With the support of the newsroom at Messenger Post Media and Gatehouse Media management. I’m taking a two-month leave of absence.
In addition to being a gainfully employed journalist, I also serve in the Air Force Reserve as a broadcast journalist, assigned to the 914th Air Refueling Wing in Niagara Falls.
In front of me is what I anticipate as the greatest and most humbling assignment of my life. I’ve been selected to augment the mortuary mission at Dover Air Force Base for Air Force Mortuary Affairs Operations.
As reservists and citizen airmen, we back up active-duty servicemen across the board in all occupations as they rotate in and out. It’s our job as a citizen airman.
My understanding of my assignment is that I will be documenting dignified transfers for families who elect media coverage of their loved ones' return and will put it on a DVD for them.
After serving three years in the Army followed by a 14-year break in service to focus on my civilian career — which took me into Iraq in 2005 as a New York Post freelancer — I felt compelled to serve again and rejoined in 2013. My DNA has me wired to be more of a participant then an observer.
As a civilian journalist I have photographed graveside services of the fallen with the families' permission. Simply put, it is heavy. So is this assignment. I feel well prepared, but you never really know how it’s going to go until you get there.

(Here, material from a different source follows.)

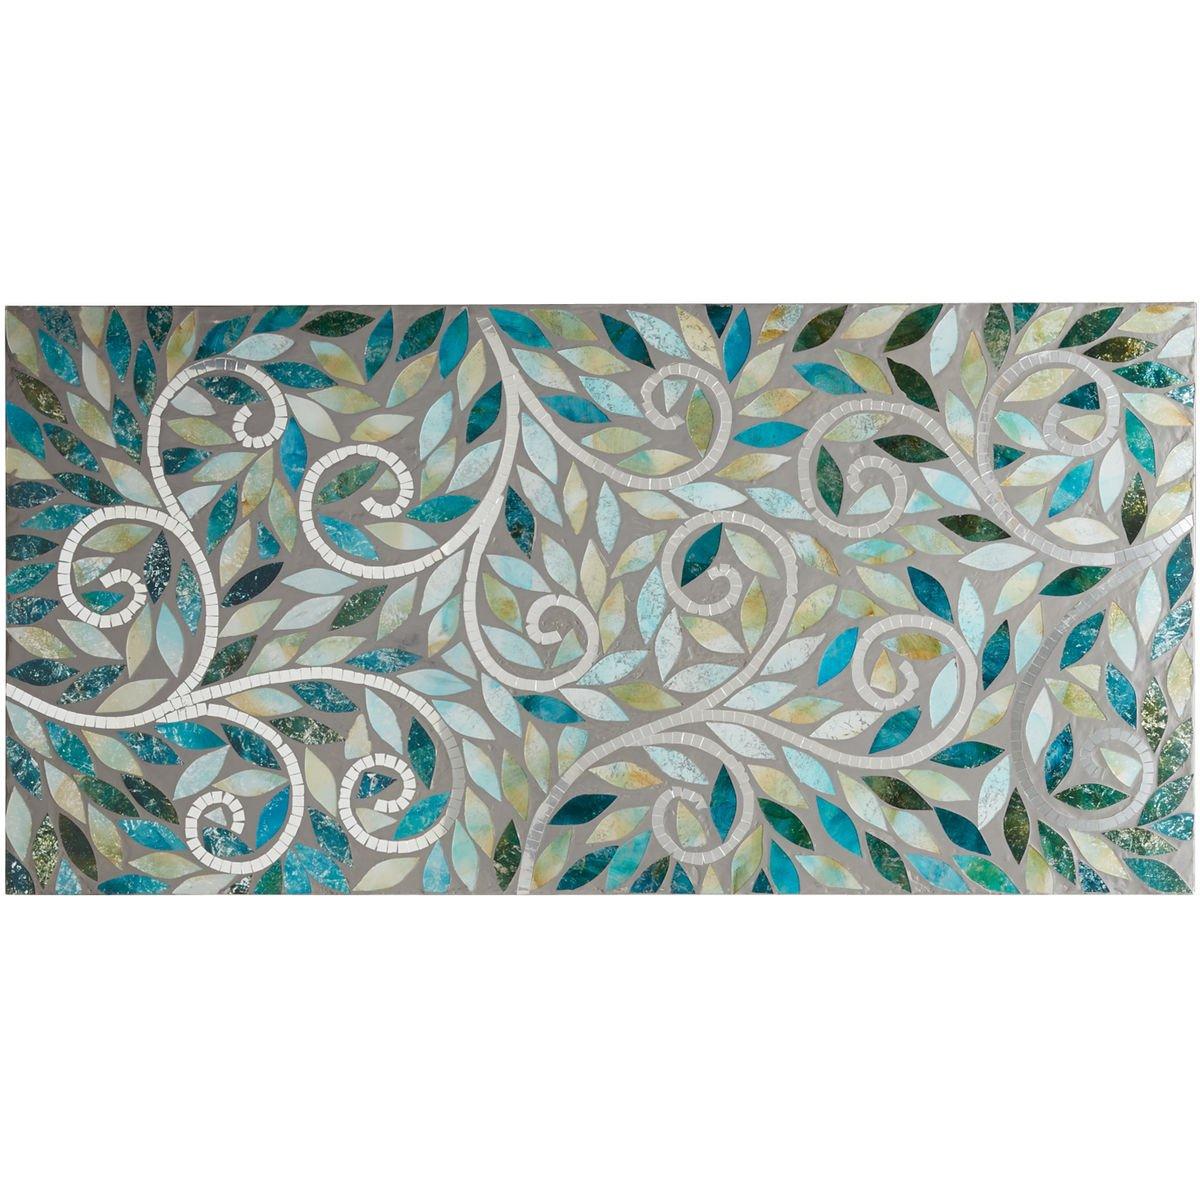 Decorativo De Pared Spa Swirls Pier 1 Imports   SEARS.COM.MX - Me ...

This assignment is in no way about me, nor is this article. This assignment is about family and support. This article is about saying "thank you" to all those around me for allowing me to fulfill my duties and support the fallen and their families.
In the big picture, it’s two measly months then back at it with the Daily Messenger. However, I anticipate that these two months will have a profound impact on the rest of my life. Two months of helping Gold Star families. Two months to be a part of a team that is tasked with a daunting assignment: taking care of those who have made the ultimate sacrifice.
All of this pales in comparison to those deployed and serving under extreme circumstances. Heroes are out there, heroes are among us. My fortune allows me not only to work alongside them but to tell their stories as well.
I’ve always felt blessed to be wired the way I am. Maniac work ethic, compelled and inspired to tell the story of our community. Compelled to tell the story of our magnificent nation’s military.
In a bizarre way it’s all led me to this moment in life, these two months in front of me.
I’d be grateful just to dust the lobby. Ideally, I never take the camera out of the bag. Reality is that I will.
Josh Williams is a reporter and online editor for Messenger Post Media.